In [17]:
import pandas as pd
import numpy as np
import matplotlib.pyplot as plt
import math

from keras.utils.np_utils import to_categorical
from keras.models import Sequential, load_model, Model
from keras.layers import Dense, Dropout, Flatten, Conv2D, MaxPool2D
from keras.preprocessing.image import load_img
from keras.preprocessing.image import img_to_array
%matplotlib inline

In [3]:
def load_nipa_test_img(num):
    
    # 경로만 알아서 잘 하기
    nipa_image = load_img(f'/volumes/KTWusb/nipa/test/{num}.jpg', target_size = (224,224))  # 해당 사이즈로 로딩해준다. vgg16이 224*224 사이즈를 쓰기 때문에.
    img = img_to_array(nipa_image) # 이미지를 넘파이 어레이로 바꿔준다
    return img


def load_nipa_train_img(plnt, dis, specific_index):


    nipa_image = load_img(f'/volumes/KTWusb/nipa/train/{plnt}_{dis}_{specific_index}.jpg', target_size = (224,224))  # 해당 사이즈로 로딩해준다. vgg16이 224*224 사이즈를 쓰기 때문에.
    img = img_to_array(nipa_image) # 이미지를 넘파이 어레이로 바꿔준다
        
        
    return img



## X_train 파트 전처리

In [4]:

# nipa_train은 데이터셋에 있는 tsv 파일임. 이 이름 아님. 그냥 train.tsv였나? 그랬을듯...
df = pd.read_csv('nipa_train.tsv', sep='\t',header=None )

In [5]:
df.columns = ['file', 'plnt', 'dis']

In [6]:
df['file'] = df['file'].str.replace('.jpg', "")

In [7]:
df['specific_index'] = df['file'].str.split("_", expand=True)[2]

In [8]:
df['specific_index'] = df['specific_index'].astype(int)

In [9]:
df = df.sort_values(by=['plnt', 'dis', 'specific_index'])

In [10]:
df.reset_index(inplace=True)

In [11]:
df = df.drop('index', axis=1)

In [18]:
from tqdm import tqdm_notebook

X_train_full = []

for num in tqdm_notebook(range(df.shape[0])):  # df의 행만큼, 즉 데이터 16000개의 크기만큼

    X_train_full.append(load_nipa_train_img(df.iloc[num,1:][0], df.iloc[num,1:][1], df.iloc[num,1:][2]))

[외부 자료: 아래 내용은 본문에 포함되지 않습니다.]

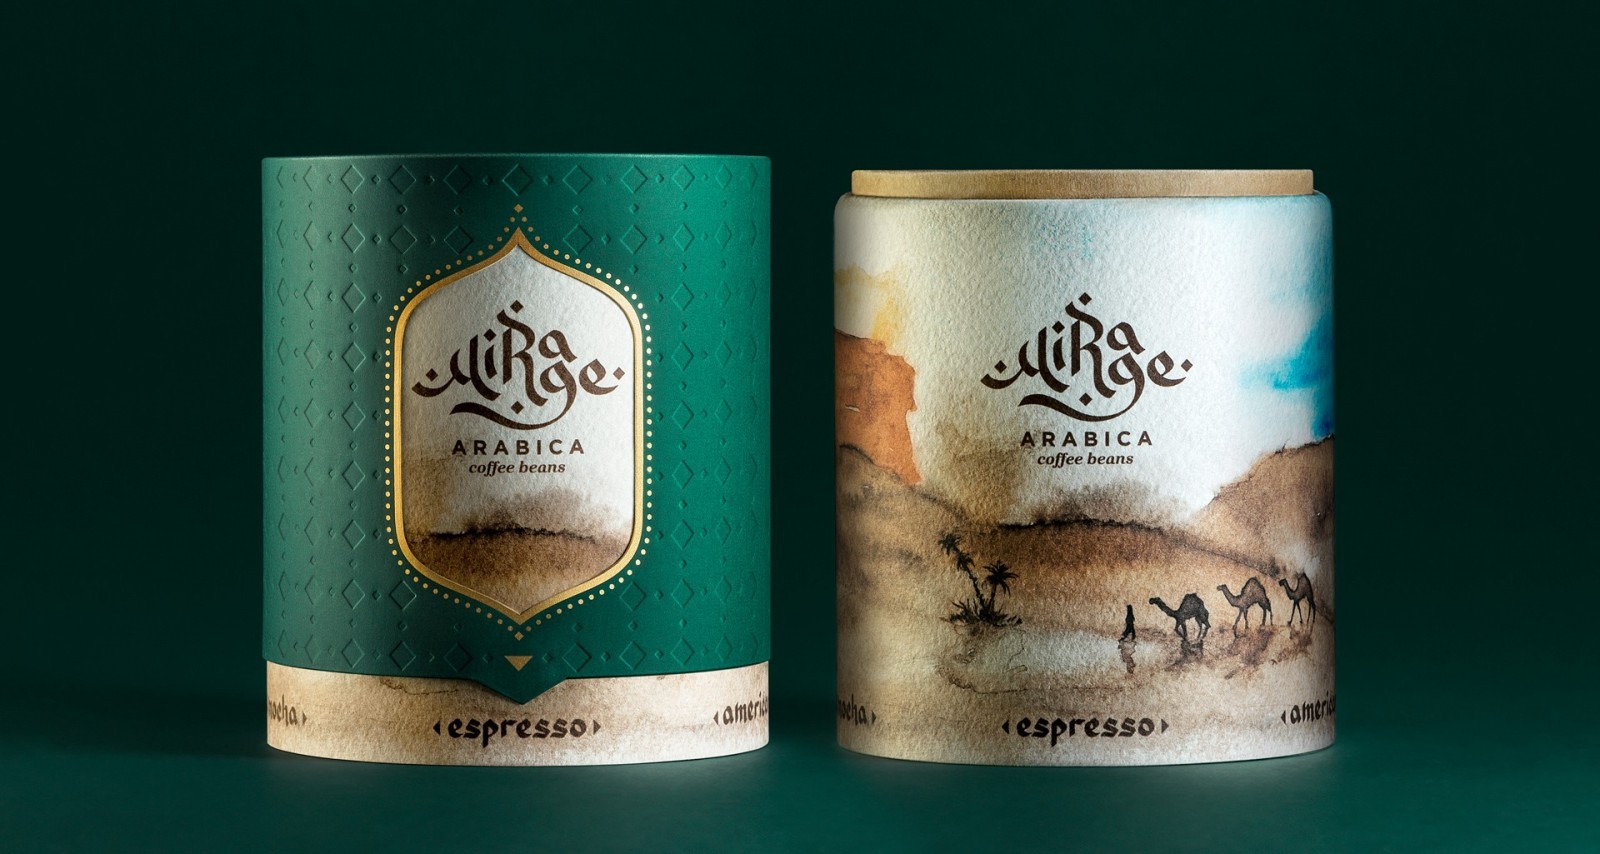 Karen Gevorgyan, Armenak Grigoryan, Maria Gevorgyan – Mirage Arabica Coffee (concept)

Please use `tqdm.notebook.tqdm` instead of `tqdm.tqdm_notebook`
  """


HBox(children=(FloatProgress(value=0.0, max=4996.0), HTML(value='')))




In [19]:
X_train_full = np.concatenate([arr[np.newaxis] for arr in X_train_full])
X_train_full.shape

# 16000을 돌렸으면 shape로 (16000, 224, 224, 3)이 나와야 한다

(4996, 224, 224, 3)

## y_train 만들기 : 품종코드_질병코드 로 class를 만들어준다

In [20]:
df['class'] = df['plnt'].astype(str) + "_" + df['dis'].astype(str)

In [25]:
# 원핫인코딩을 시켜줌

y_train_full = to_categorical(df['class'].tolist())


In [26]:
y_train_full.shape  # 맞게 되면 이것도 (16000, n) 으로 나옴. 나중에 이 n을 아래 최종 dense에 넣음

(4996, 1321)

In [27]:
# 모델 설계

model = Sequential()
model.add(Conv2D(filters = 16,
                 kernel_size = 4,
                 padding = 'same',
                 strides = 1,
                 activation = 'relu',
                 input_shape = (224,224,3,)  # 3,) 은 센스있게 남겨둠
                ))
model.add(MaxPool2D(pool_size = 2))
model.add(Dropout(0.5))


model.add(Conv2D(filters = 32, kernel_size = 4, padding = 'same', strides = 1, activation = 'relu'))
model.add(MaxPool2D(pool_size = 2))

model.add(Conv2D(filters = 64, kernel_size = 4, padding = 'same', strides = 1, activation = 'relu'))
model.add(MaxPool2D(pool_size = 2))

model.add(Flatten())

model.add(Dense(512, activation = 'relu'))
model.add(Dense(1321, activation = 'softmax'))  # 1321자리에 위 n을 넣어줌 (y_train의 종류만큼 들어가야함)

model.summary()

Model: "sequential"
_________________________________________________________________
Layer (type)                 Output Shape              Param #   
conv2d (Conv2D)              (None, 224, 224, 16)      784       
_________________________________________________________________
max_pooling2d (MaxPooling2D) (None, 112, 112, 16)      0         
_________________________________________________________________
dropout (Dropout)            (None, 112, 112, 16)      0         
_________________________________________________________________
conv2d_1 (Conv2D)            (None, 112, 112, 32)      8224      
_________________________________________________________________
max_pooling2d_1 (MaxPooling2 (None, 56, 56, 32)        0         
_________________________________________________________________
conv2d_2 (Conv2D)            (None, 56, 56, 64)        32832     
_________________________________________________________________
max_pooling2d_2 (MaxPooling2 (None, 28, 28, 64)        0

In [None]:
# 비용함수 설계

model.compile(loss = 'categorical_crossentropy', optimizer = 'adam', metrics = ['accuracy'])


# 피팅
model.fit(X_train_4996, y_train_4996, batch_size = 128, epochs=1, validation_split = 0.2)

## X_test 만들기

In [36]:
pd.read_csv('nipa_test.tsv', sep='\t',header=None ).shape[0]

3997

In [None]:
from tqdm import tqdm_notebook

X_test = []

for num in tqdm_notebook(range(pd.read_csv('nipa_test.tsv', sep='\t',header=None ).shape[0])):

    X_test.append(load_nipa_test_img(num))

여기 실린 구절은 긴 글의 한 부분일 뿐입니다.